Composite ACT Scores

Non-Athletes Athletes
25 21 22
22 27 21
19 29 24
25 26 27
24 30 19
25 27 23
24 26 17
23 23

a. Test an appropriate hypothesis and state your conclusion. Use alpha = .05 for your test. Show the null and alternative hypothesis, the p-value, your conclusion to reject or not, and finally a summarizing statement regarding your conclusion.
Then create a 90% confidence interval and tell me what it means in terms of the problem.

You have two categories but three columns?

Find the means first = sum of scores/number of scores

Subtract each of the scores from its mean and square each difference. Find the sum of these squares. Divide that by the number of scores to get variance.

Standard deviation = square root of variance

Z = (mean1 - mean2)/standard error (SE) of difference between means

SEdiff = √(SEmean1^2 + SEmean2^2)

SEm = SD/√n

If only one SD is provided, you can use just that to determine SEdiff.

Find table in the back of your statistics text labeled something like "areas under normal distribution" to find the proportion related to the Z score.

90% = mean ± 1.645 SD (This is the Z score for .45 from the mean found in that same table.

SO FAR I HAVE 9.63 FOR THE 1ST 2 COLUMNS

AND 7.56 FOR LAST COLUMN FOR THE VARIANCES. I GOT Z= .0875
SEDIFF =1.2364 SEm=.6019 for 1st set of #s and SEm=1.08 for 2nd set of #s
is that correct and now what?

To test an appropriate hypothesis and state the conclusion, we can use the t-test for independent samples.

Null hypothesis (H0): There is no significant difference in composite ACT scores between non-athletes and athletes.
Alternative hypothesis (Ha): There is a significant difference in composite ACT scores between non-athletes and athletes.

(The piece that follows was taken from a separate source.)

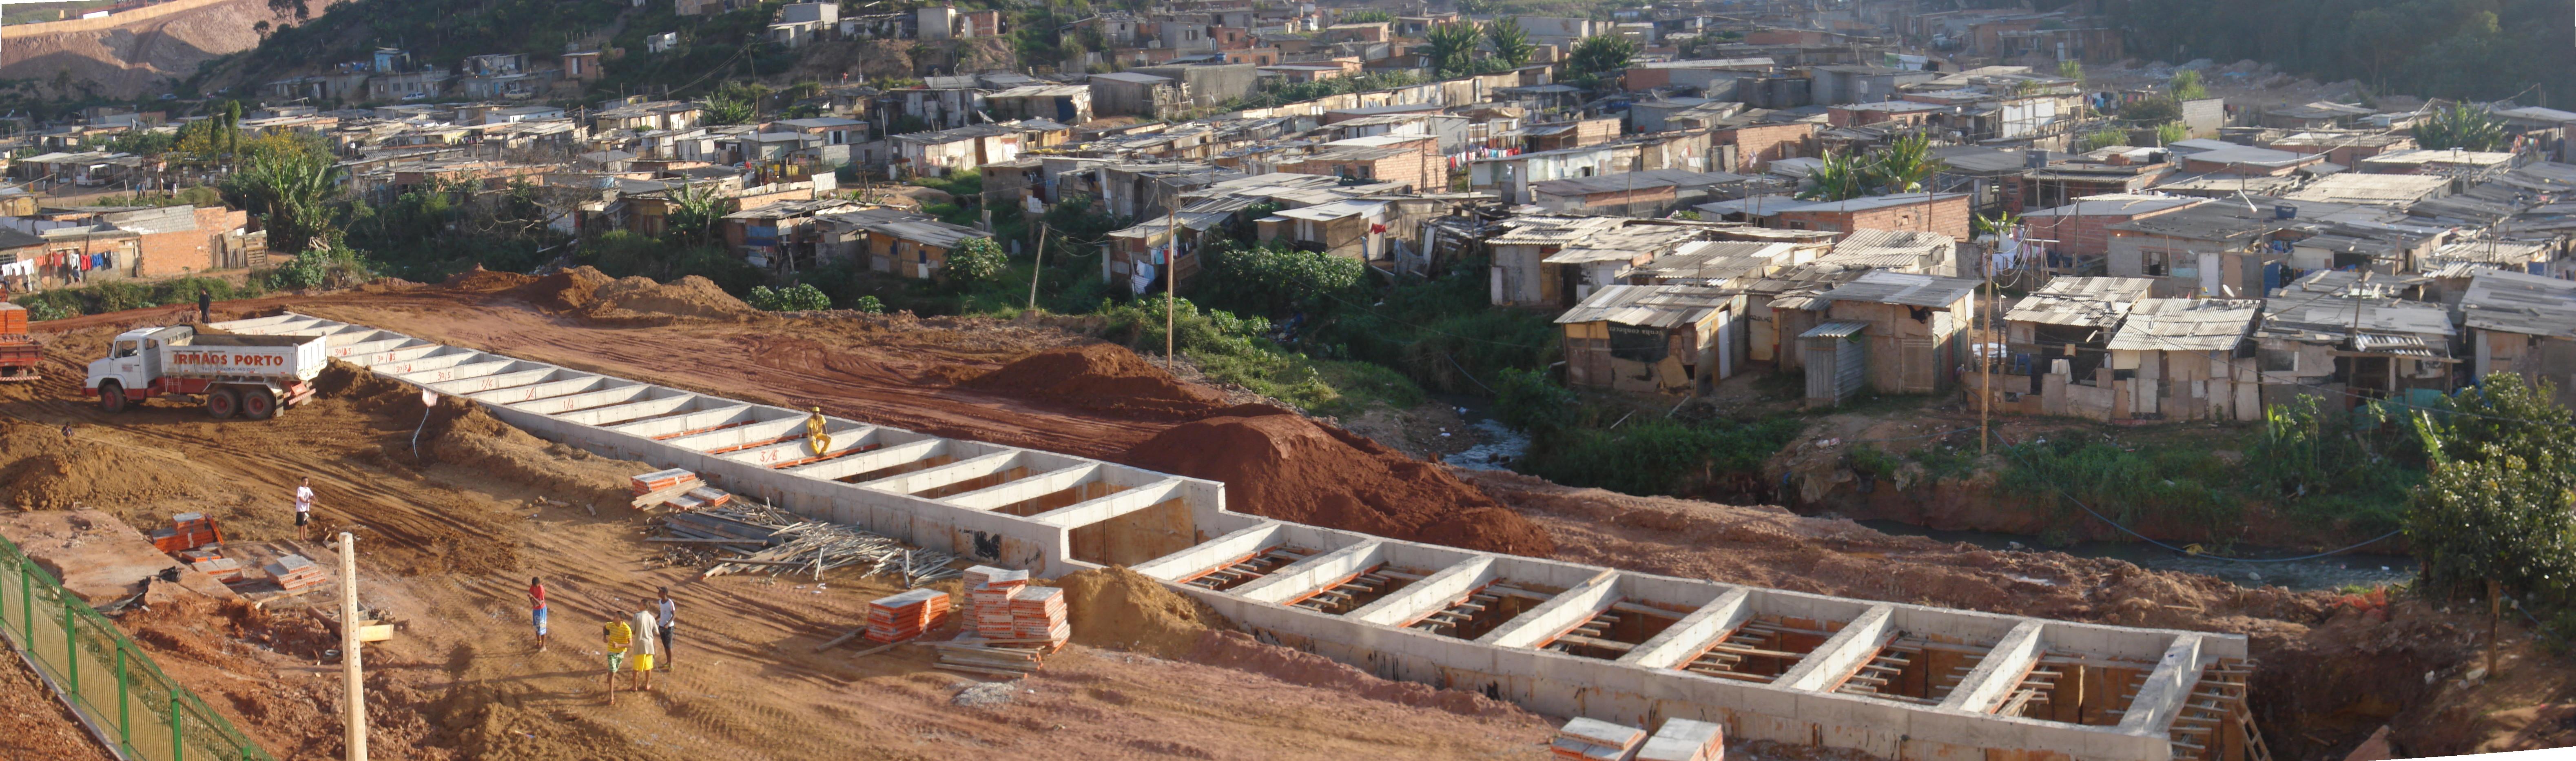 panoramica corrego são joão 08-06-09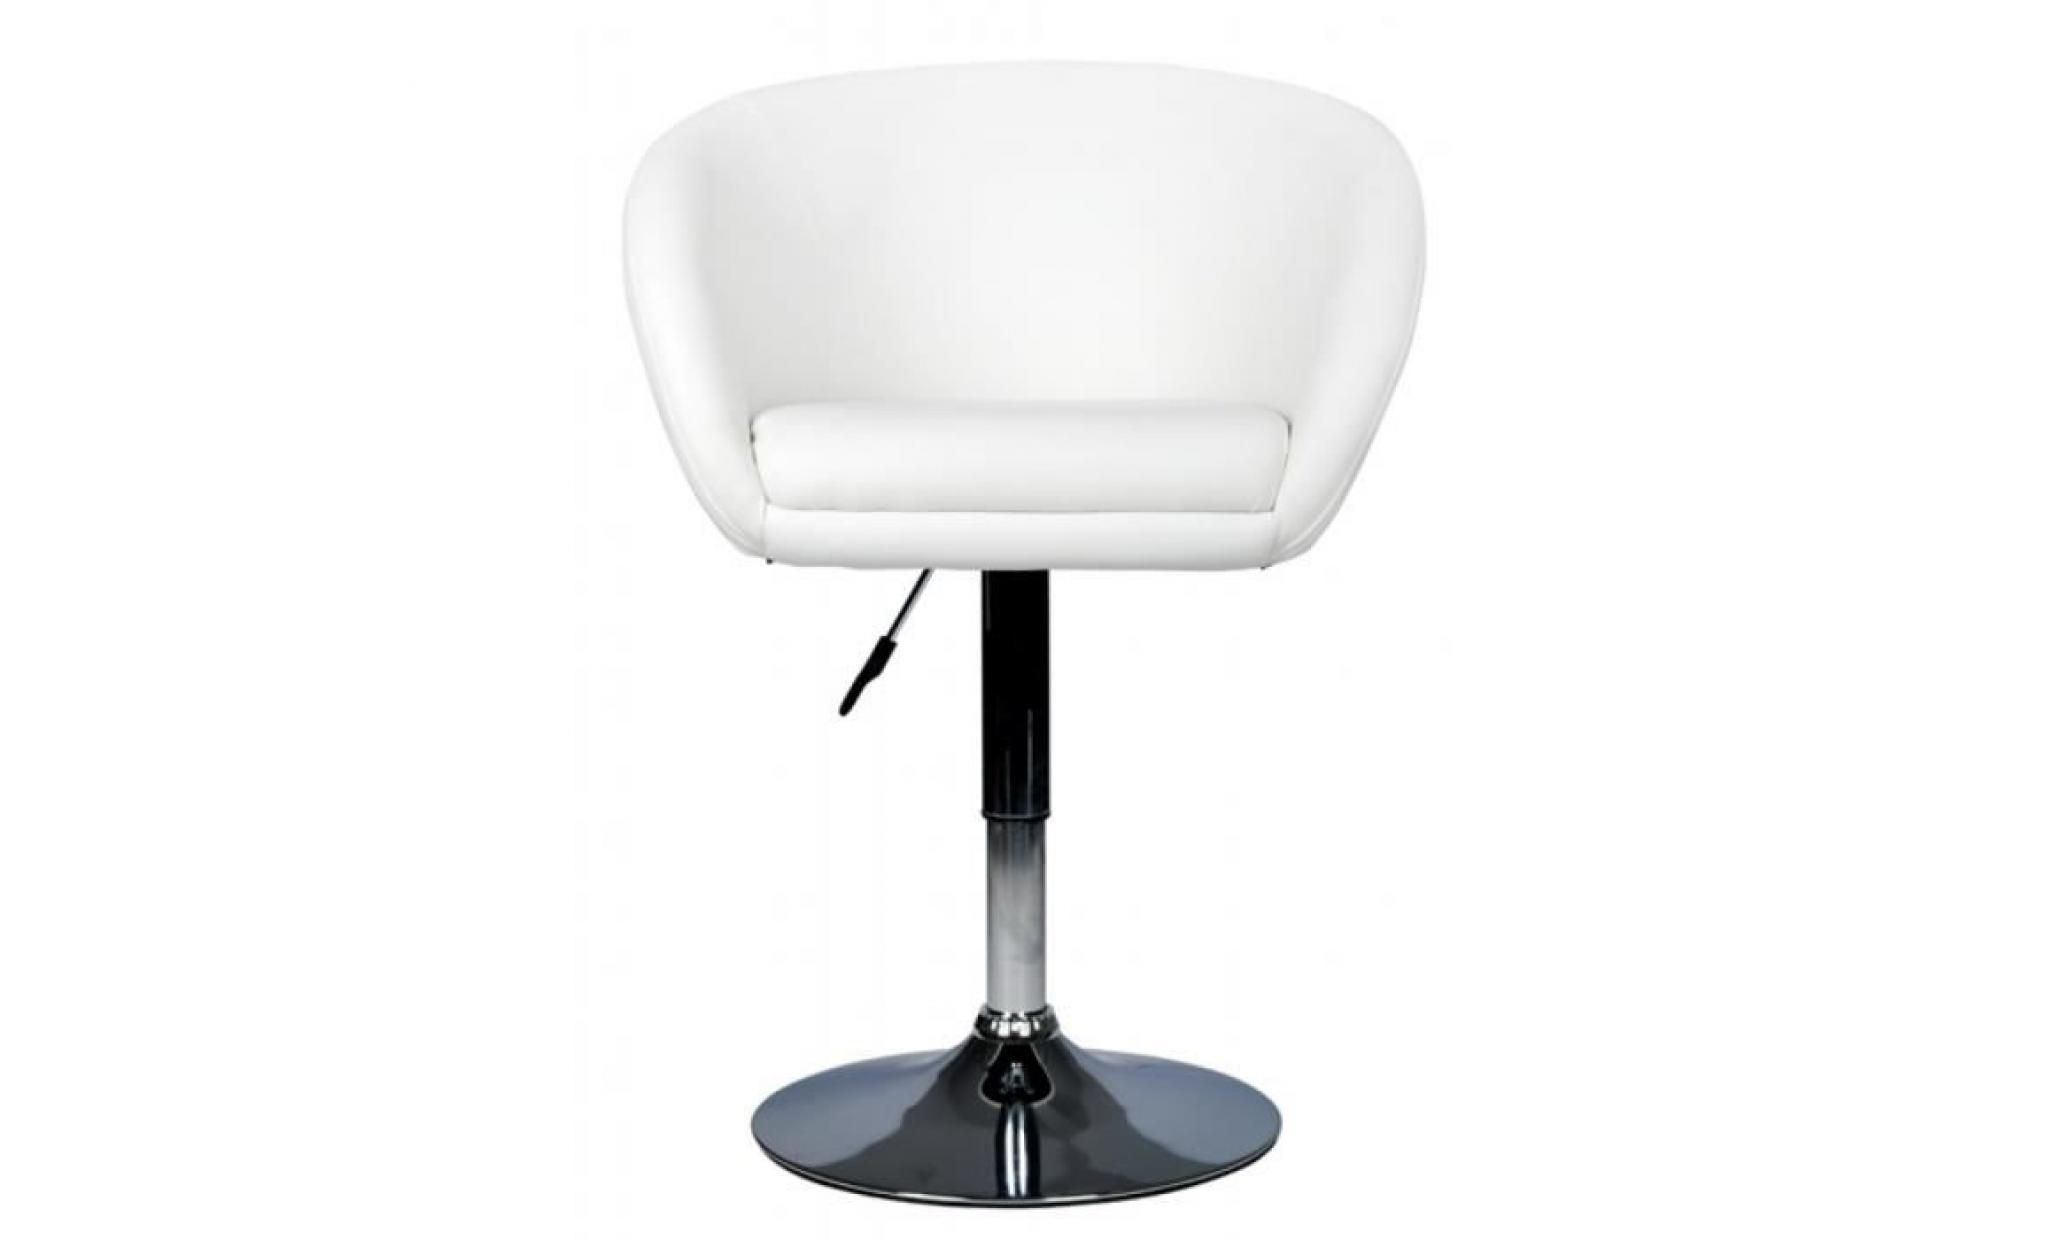 fauteuil rond pivotant achat vente fauteuil pas cher couleur et. Black Bedroom Furniture Sets. Home Design Ideas

Significance level (alpha) = 0.05

To perform the t-test, we need to calculate the mean, standard deviation, and sample size for each group.

Non-Athletes:
Mean (x̄1) = (25 + 22 + 19 + 25 + 24 + 25 + 24 + 23) / 8 = 23.75
Standard Deviation (s1) = √[((25-23.75)^2 + (22-23.75)^2 + (19-23.75)^2 + (25-23.75)^2 + (24-23.75)^2 + (25-23.75)^2 + (24-23.75)^2 + (23-23.75)^2) / (8-1)] ≈ 2.12
Sample Size (n1) = 8

Athletes:
Mean (x̄2) = (21 + 27 + 29 + 26 + 30 + 27 + 26 + 23) / 8 = 26
Standard Deviation (s2) = √[((21-26)^2 + (27-26)^2 + (29-26)^2 + (26-26)^2 + (30-26)^2 + (27-26)^2 + (26-26)^2 + (23-26)^2) / (8-1)] ≈ 2.68
Sample Size (n2) = 7

Next, we can calculate the t-test statistic and the p-value using a statistical software or t-tables. Assuming the sample sizes are small (<30) and the distributions are not known to be normal, we can use the Welch's t-test, which accounts for unequal variances.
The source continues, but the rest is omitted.